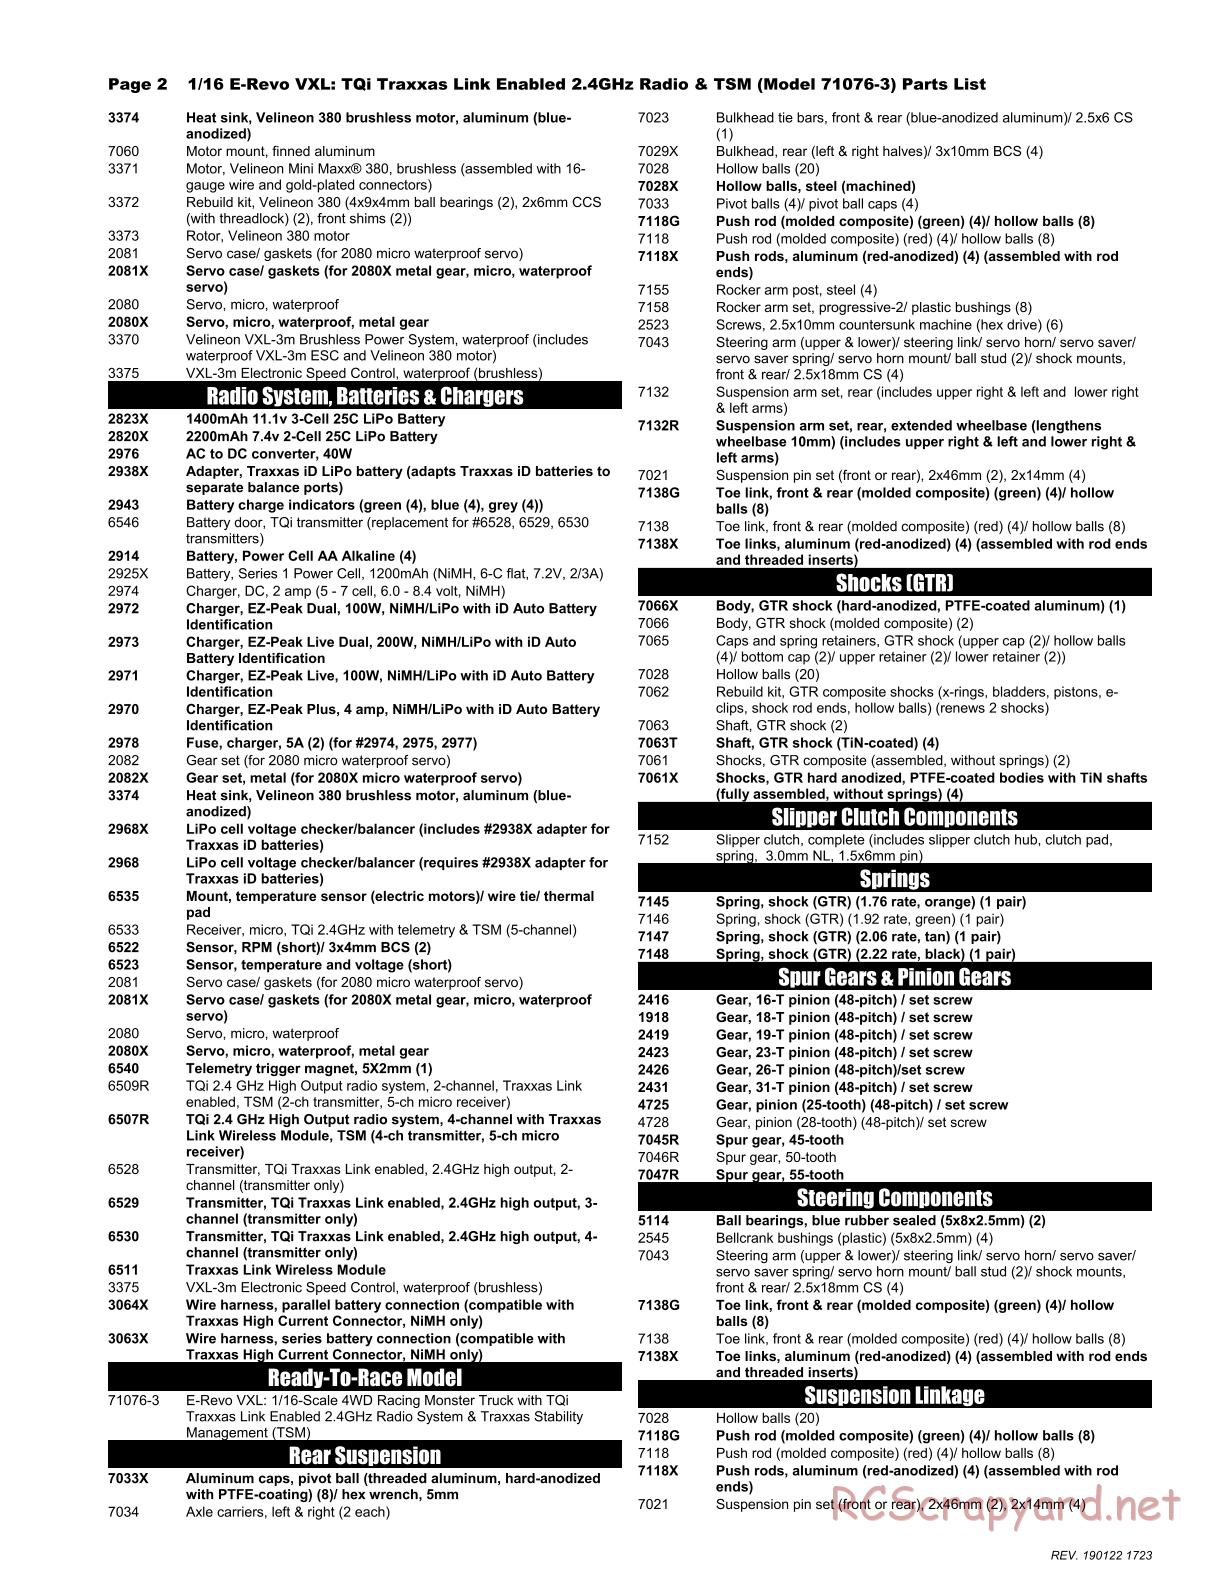 Traxxas - 1/16 E-Revo VXL TSM - Parts List - Page 2
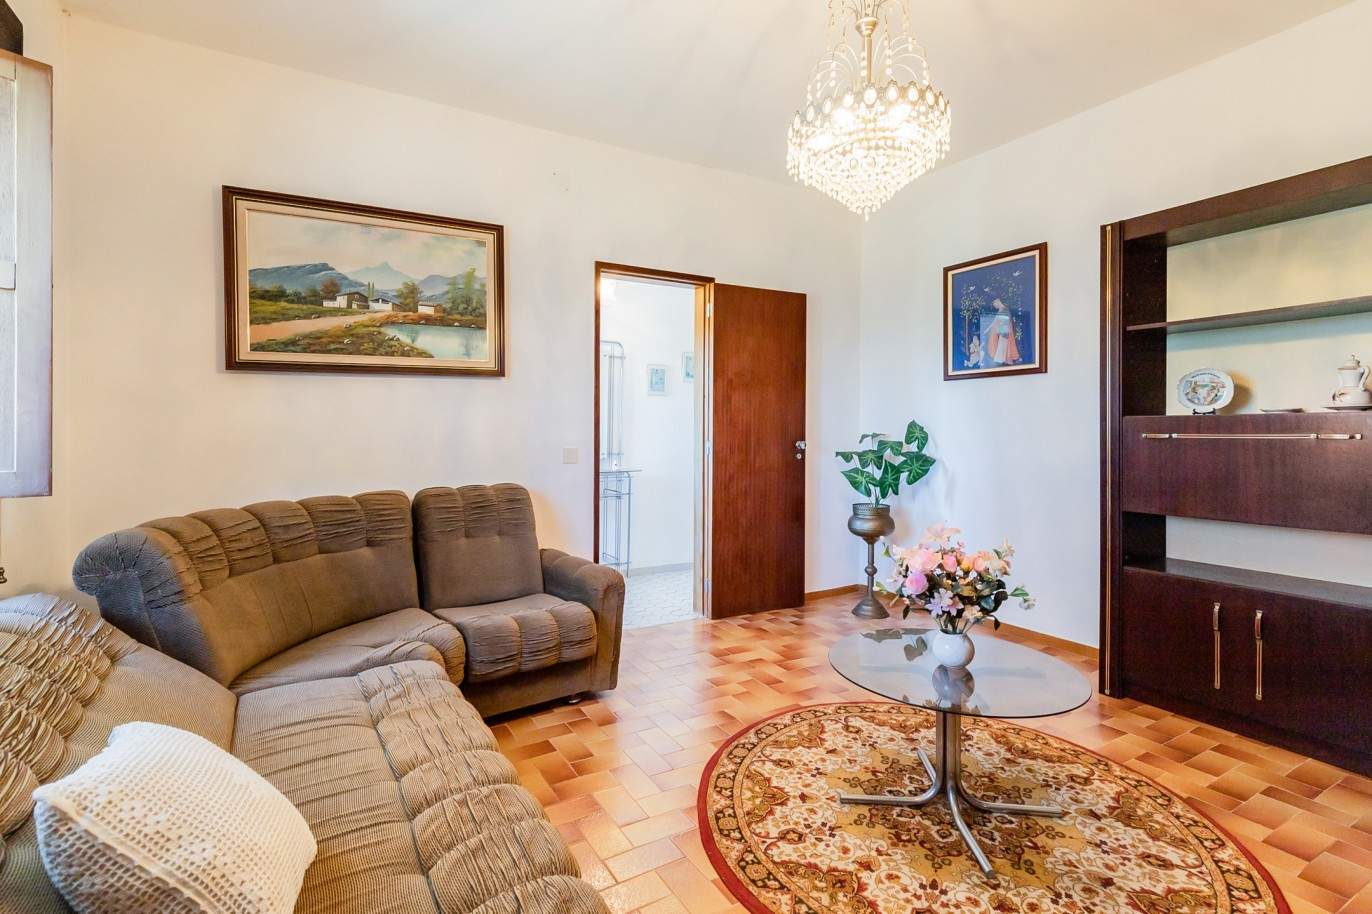 Property to remodel, for sale in Falfeira, Lagos, Algarve_210369
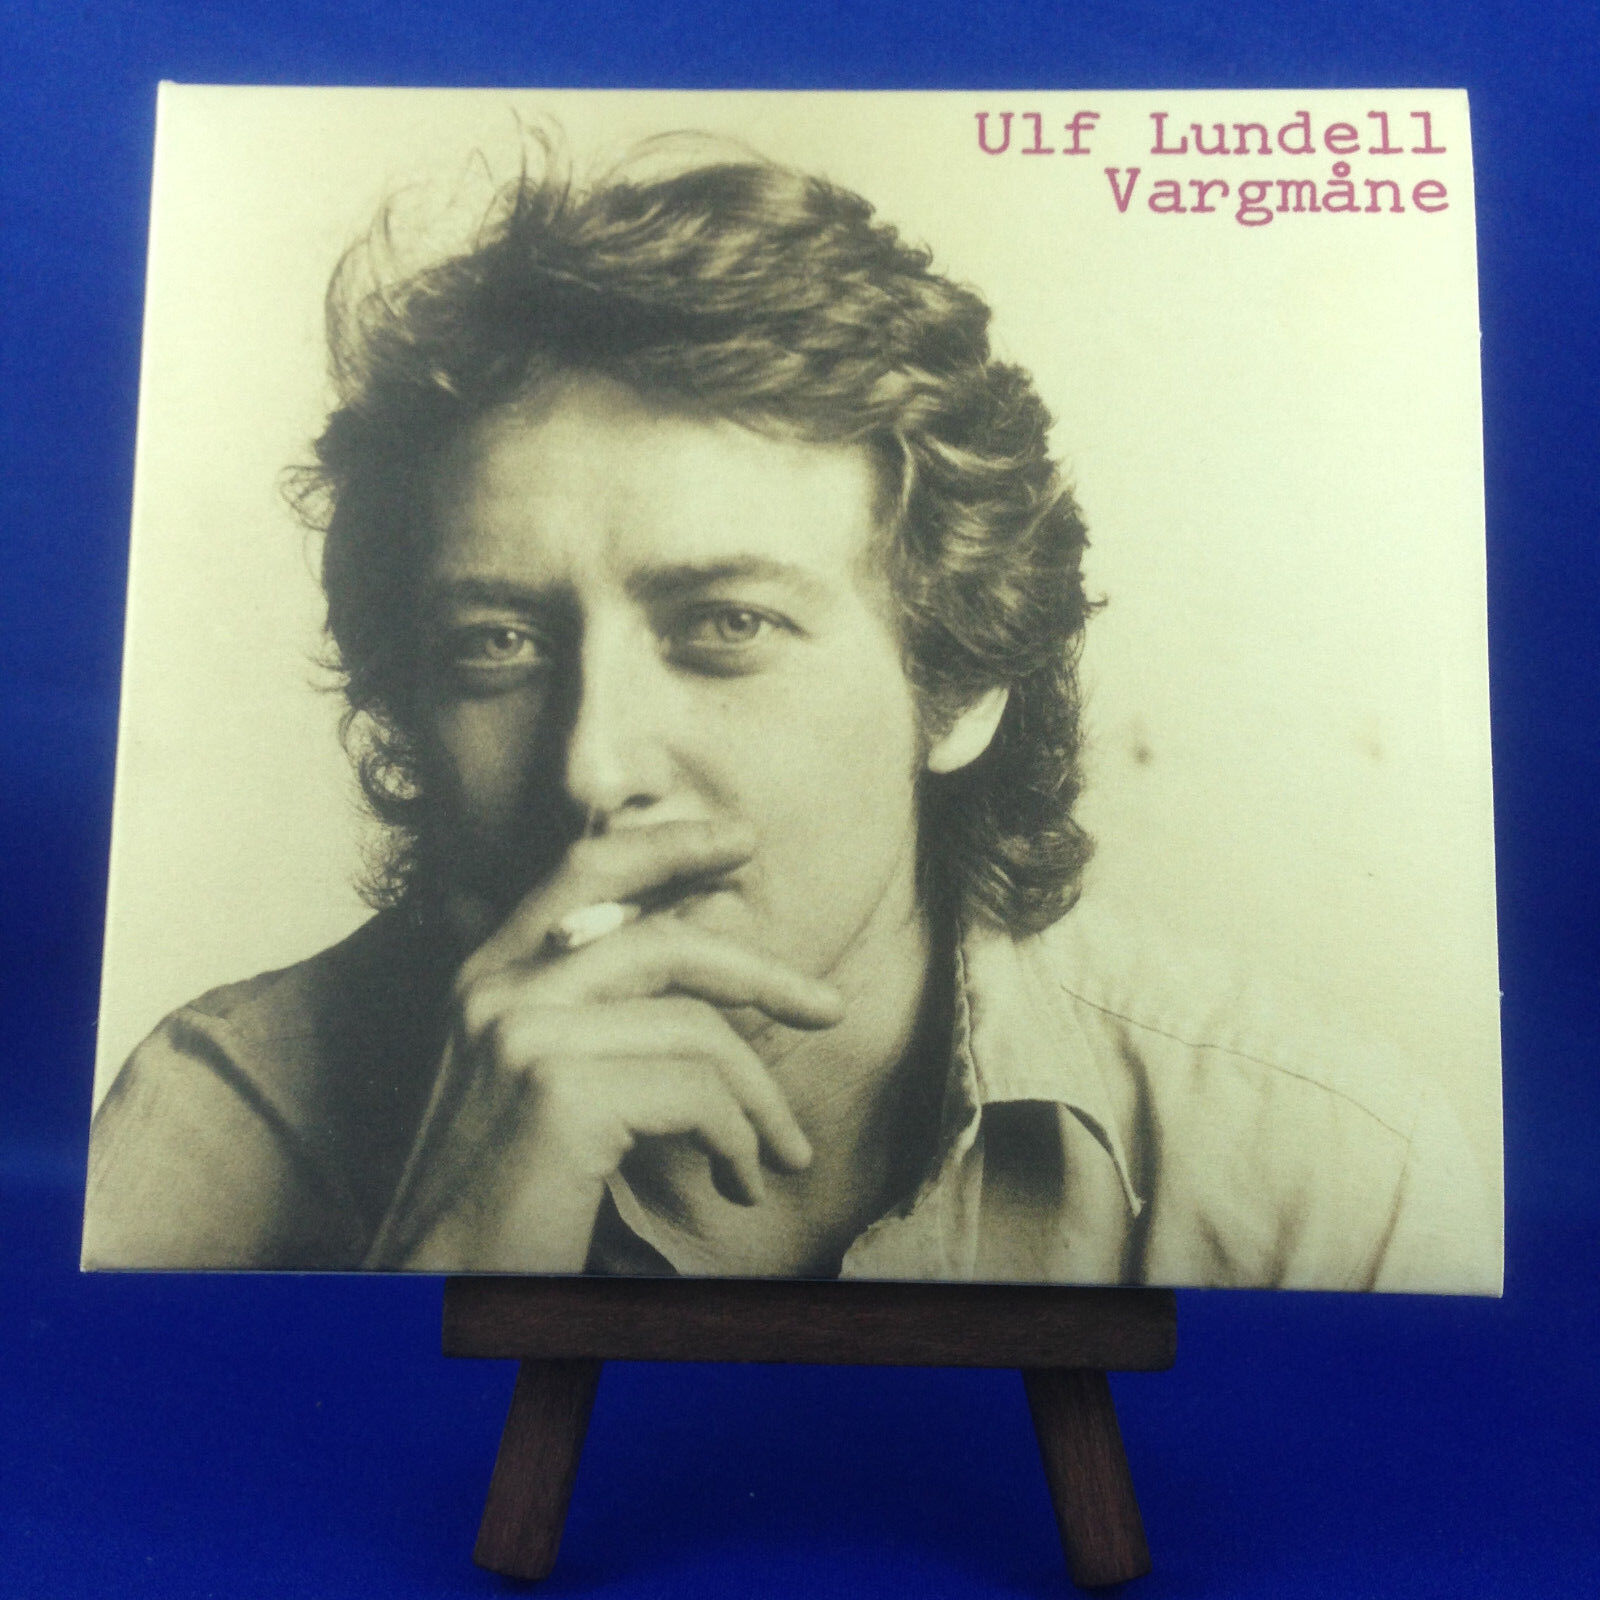 ULF LUNDELL: Vargmane (ULTRA RARE 2000 Swedish Ltd Edit Import Deluxe Re-Issue)

* **Exercise directions**
Take the line containing "Property to remodel, for" as the first line and the last line of the data above as the final one, and output exactly the lines between them, inclusive, with no pictures.

* **Output below**
 Property to remodel, for sale in Falfeira, Lagos, Algarve_210369
 ULF LUNDELL: Vargmane (ULTRA RARE 2000 Swedish Ltd Edit Import Deluxe Re-Issue)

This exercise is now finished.